• INSTRUCTIONS FOR THE TASK
Repeat exactly the lines of the entries below from the one with "NASHVILLE, TENNESSEE - NOVEMBER" through the one with "How To Write A Eulogy For A Death Person", both ends included, and nothing else.

• DATA UNDER STUDY
● ● ● ● ●

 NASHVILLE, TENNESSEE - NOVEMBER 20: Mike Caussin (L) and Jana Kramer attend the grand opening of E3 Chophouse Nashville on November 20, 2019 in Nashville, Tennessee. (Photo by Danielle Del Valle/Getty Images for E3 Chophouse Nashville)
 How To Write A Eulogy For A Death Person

● ● ● ● ●

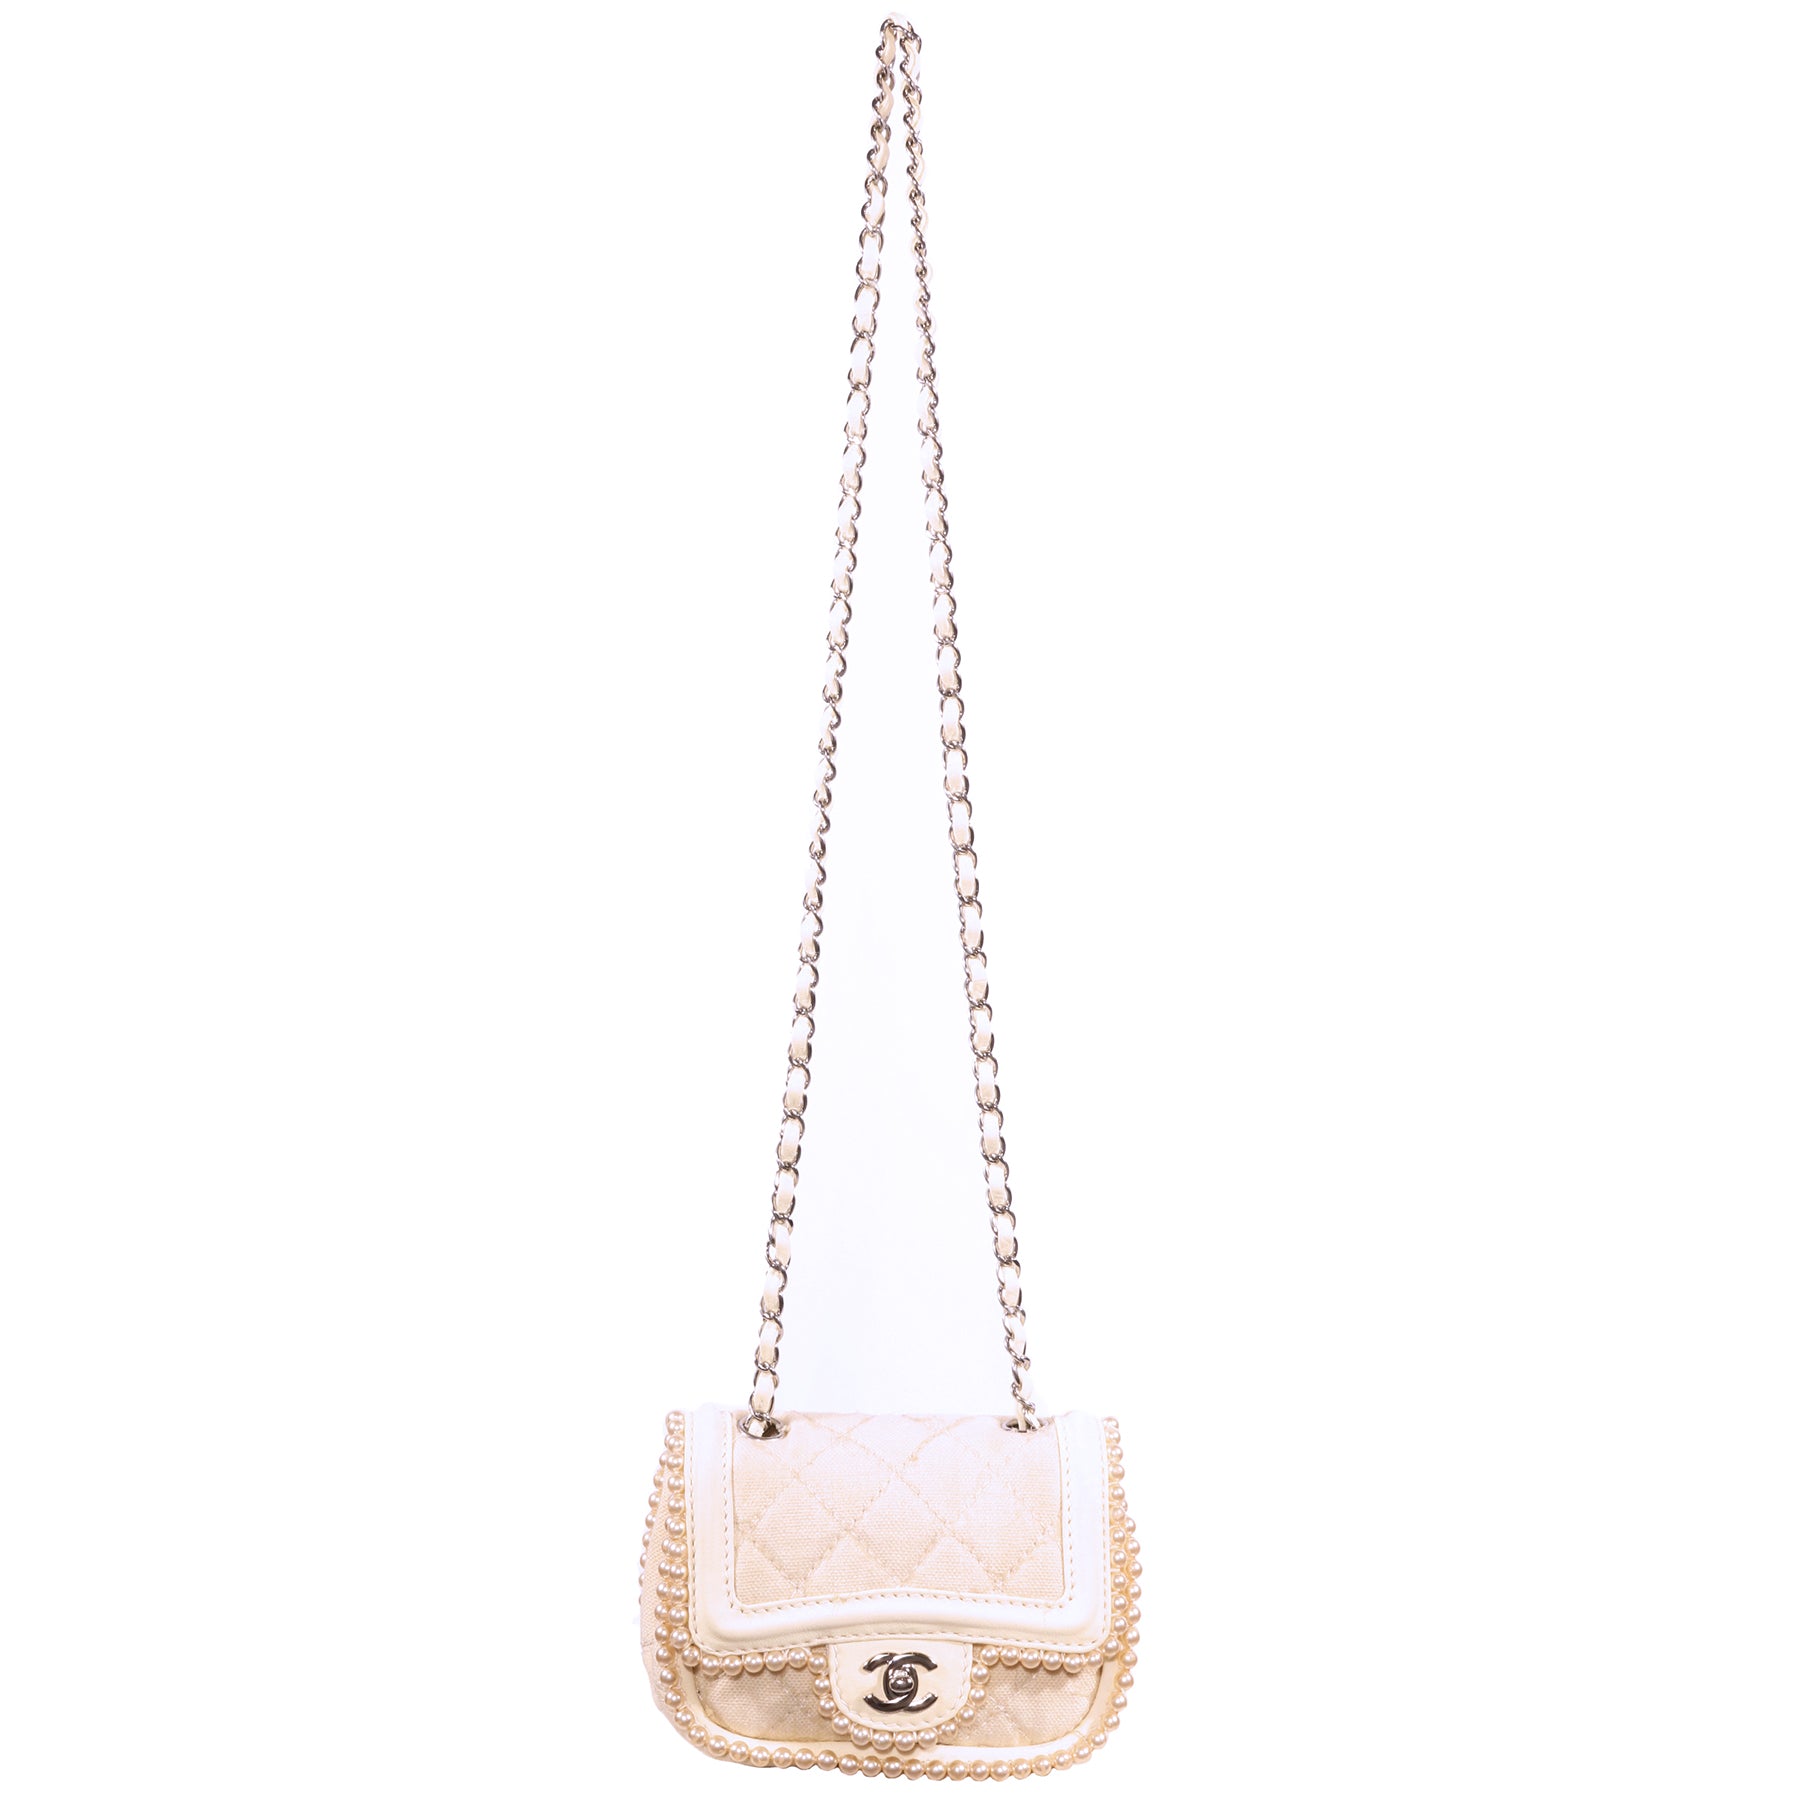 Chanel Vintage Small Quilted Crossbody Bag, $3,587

● ● ● ● ●

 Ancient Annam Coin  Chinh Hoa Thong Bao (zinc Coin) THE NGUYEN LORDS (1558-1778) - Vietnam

● ● ● ● ●

• ANSWER TO THE EXERCISE
 NASHVILLE, TENNESSEE - NOVEMBER 20: Mike Caussin (L) and Jana Kramer attend the grand opening of E3 Chophouse Nashville on November 20, 2019 in Nashville, Tennessee. (Photo by Danielle Del Valle/Getty Images for E3 Chophouse Nashville)
 How To Write A Eulogy For A Death Person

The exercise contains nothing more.